That tug of God has remained since my graduation in 2002, during which time I have worked for short stints again in the newspaper and trade publication industry, and as a communications writer for World Vision Canada.

My life in journalism really began in 1987, when my wife and I moved with our young son to Manitoulin Island in northern Ontario. My plan had been to work on some creative writing projects and live in relative isolation for a couple of years, but God had other plans. I introduced myself to the local newspaper publisher shortly after arriving on what the locals know simply as “the Island,” and found myself conscripted as a proofreader. While I had worked on a couple of Christian newsletters while living in Toronto in the mid-1980s, this was my first foray into paid professional journalism.

I went on to be a freelance reporter and photographer, and after a year I was hired by The Manitoulin Expositor as its first full-time reporter. In 1995, the editor left and I assumed the role for four years.

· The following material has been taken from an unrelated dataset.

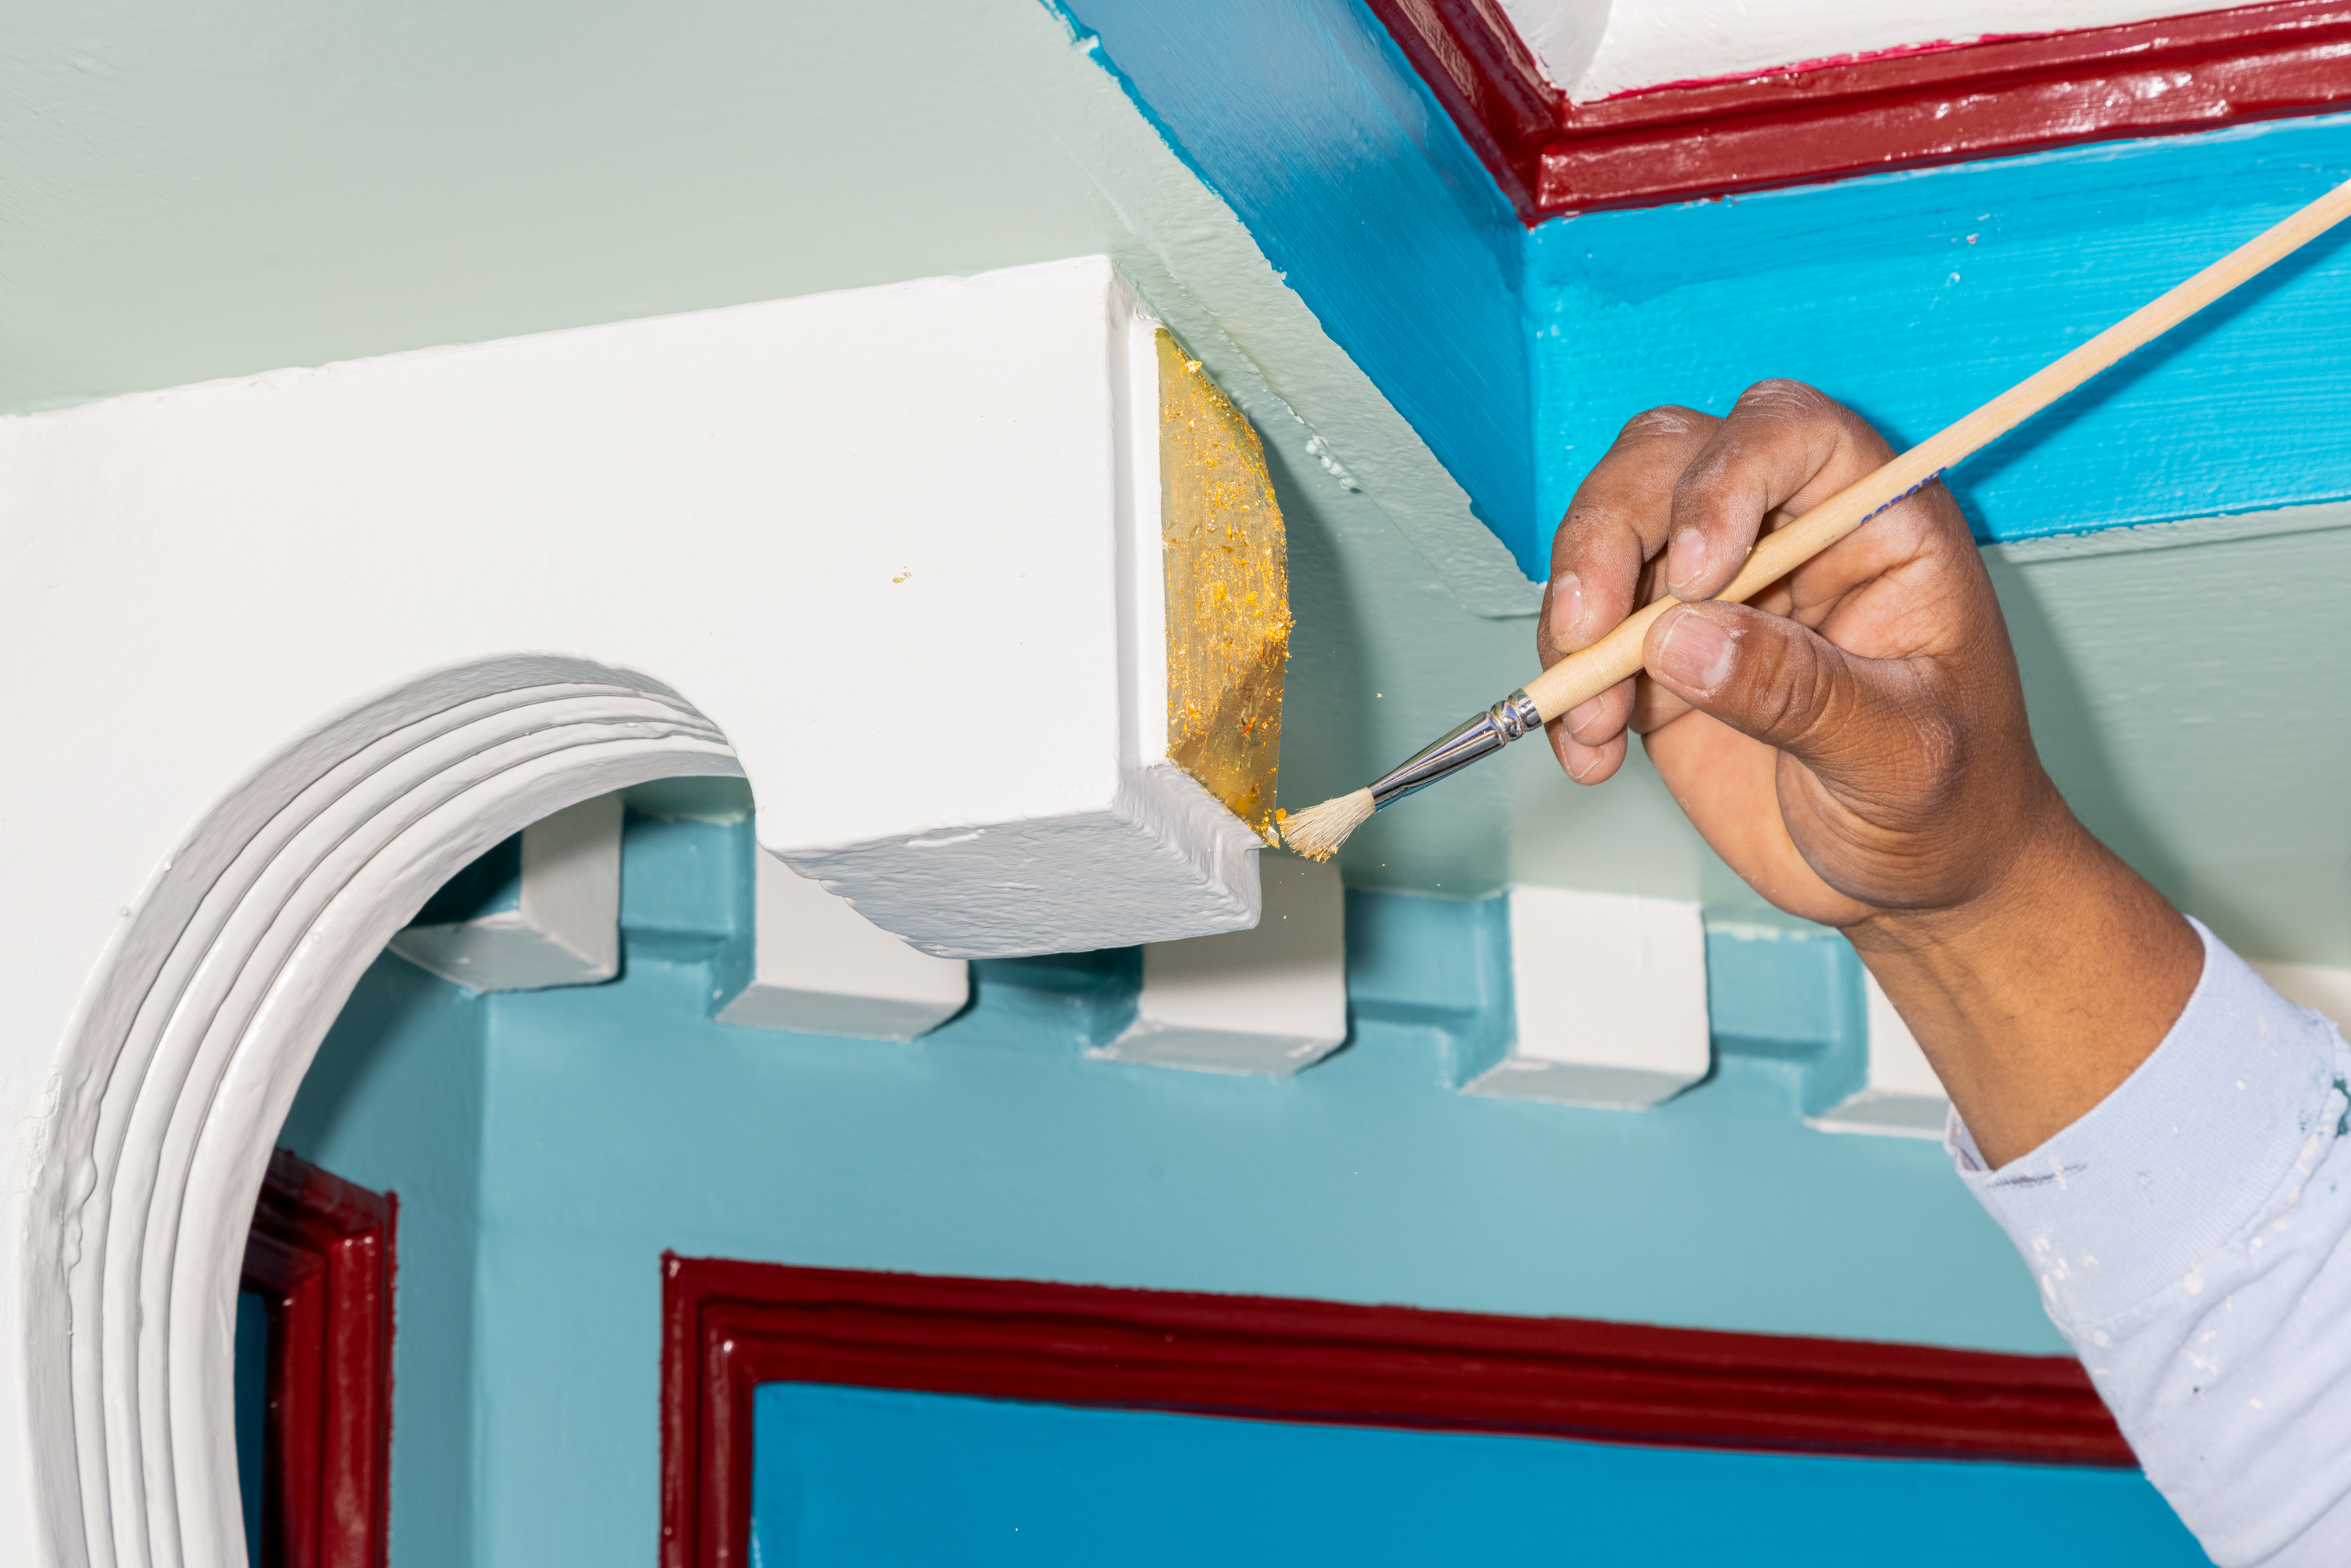 A hand is painting the edge of vibrant, multicolored architectural features.

As a newcomer to the Island (unless you were born there, you’re always a newcomer to the locals), it became clear very quickly that the chief aim of the paper and its writers was to tell the Island’s “story:” to cover the issues, the events and the people who defined Manitoulin Island and its way of life in an engaging yet truthful fashion.

As with our move to Manitoulin Island, I am now a newcomer to Canadian Mennonite and the Mennonite church and culture. Born into a Fellowship Baptist family, I have worshiped and served in Convention Baptist, Nazarene and independent evangelical congregations since my coming to personal faith in Jesus Christ in 1972.

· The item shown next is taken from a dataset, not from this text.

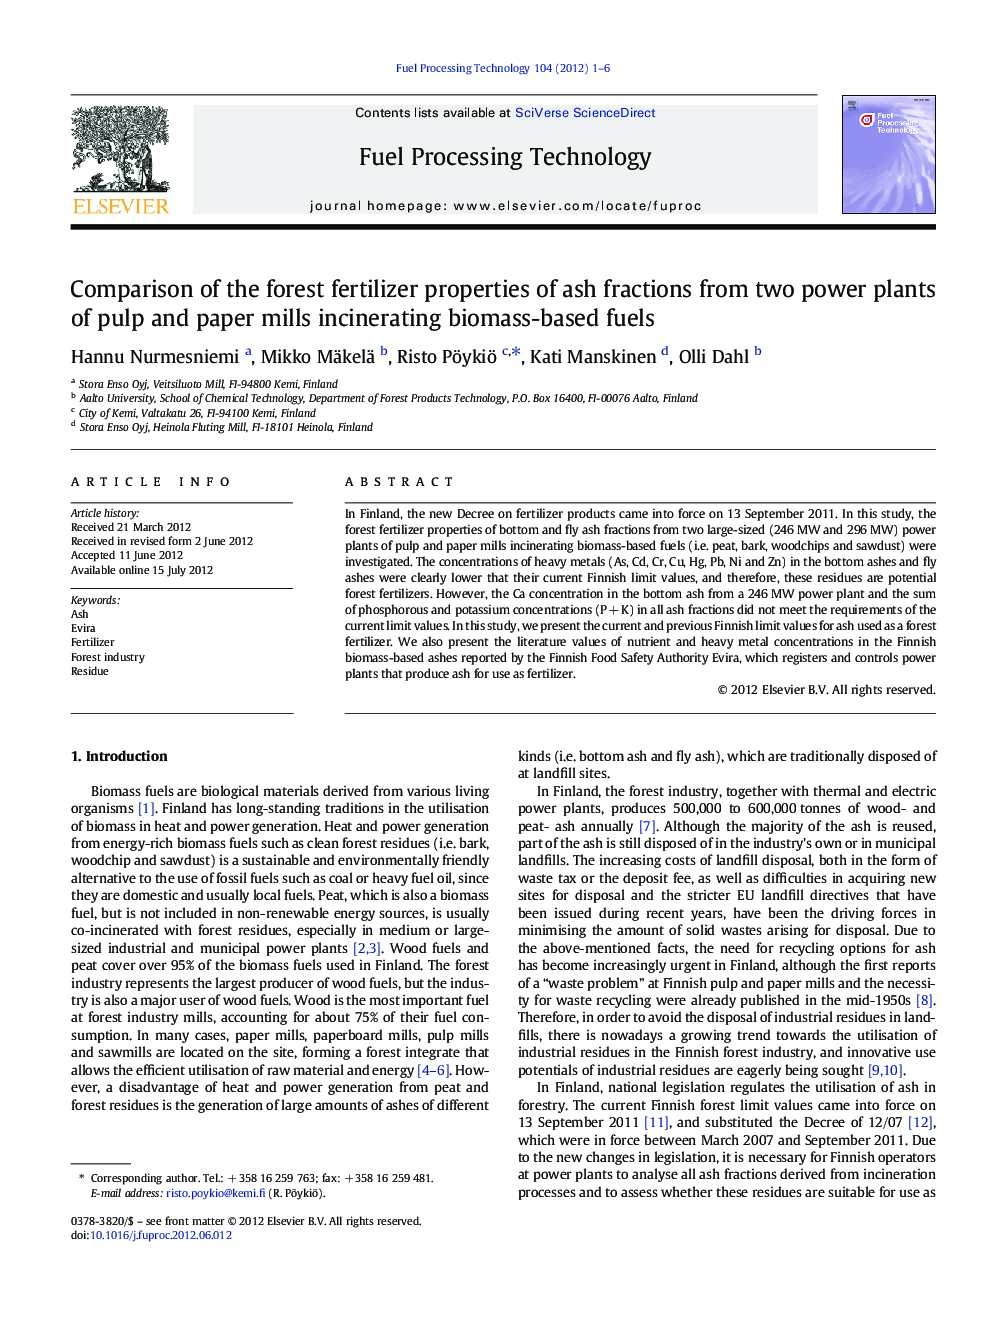 Comparison of the forest fertilizer properties of ash fractions from two power plants of pulp and paper mills incinerating biomass-based fuels

I see my role as the denominational publication’s new Managing Editor as being a facilitator of its current cadre of national and regional correspondents, and, in time, a writer of the Mennonite story myself.

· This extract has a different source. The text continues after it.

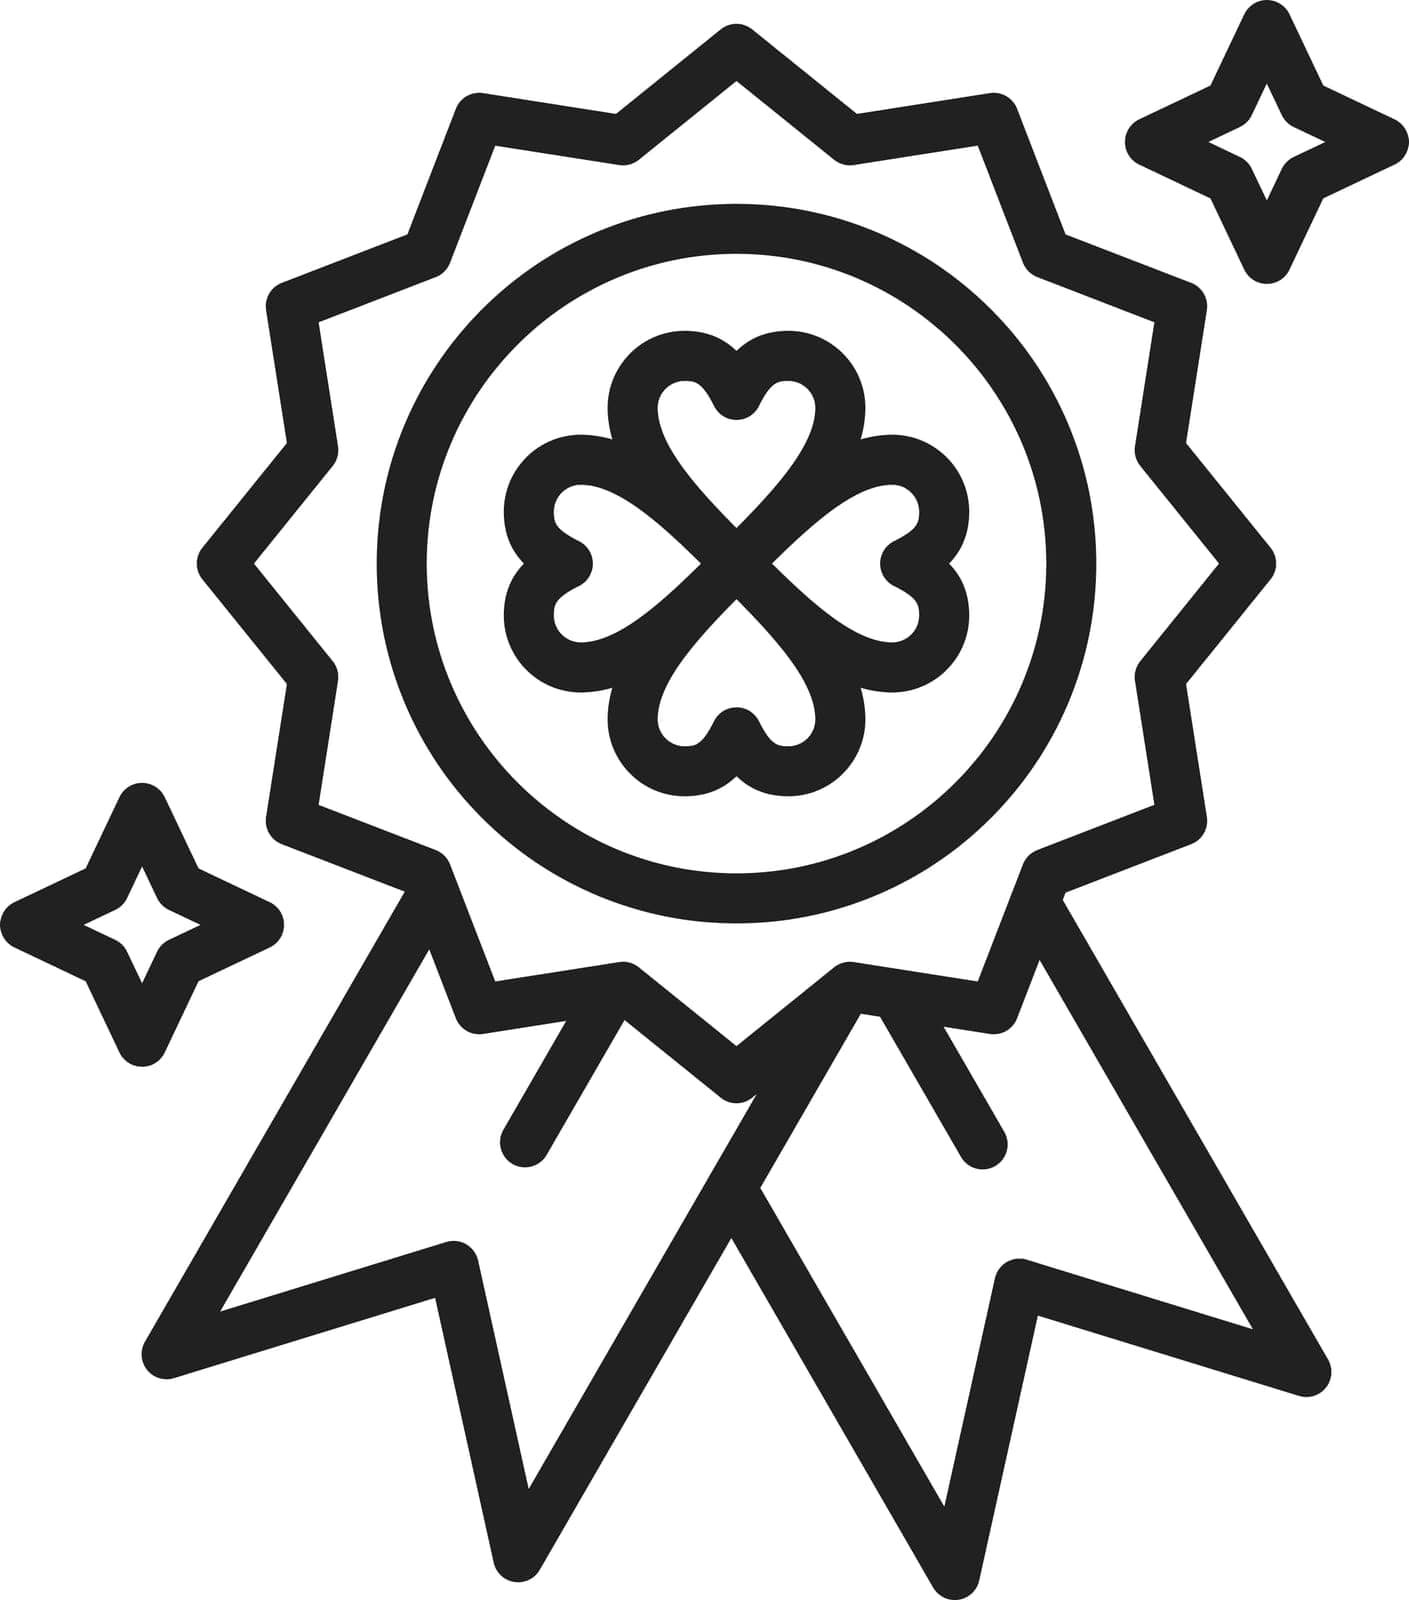 Medal Icon image. Suitable for mobile application.

What is the story of the people of God? From my recent studies at Tyndale Seminary in Toronto, where I earned a Diploma in Christian Studies and a Master of Theological Studies degree, I believe there are two main chapters to our story. Like Abraham of old, we are blessed. But we are not blessed merely for our own sake alone. We are blessed to be a blessing to others. To put it in New Testament terms, we are saved to serve.

One of my favourite quotes is by David Stendl-Rast, who says, “All the joy of heaven is yours for the taking—no, for the giving of yourself. That is God’s kingdom and conversion. That is what Jesus preached.”

In practical terms, then, I see Canadian Mennonite continuing its tradition of proclaiming that we are truly blessed as the people of God and spurring each other on to even greater endeavours by profiling those congregations and individual Christians who are used by God in the giving of themselves to bless others—whether within the church or in the wider world.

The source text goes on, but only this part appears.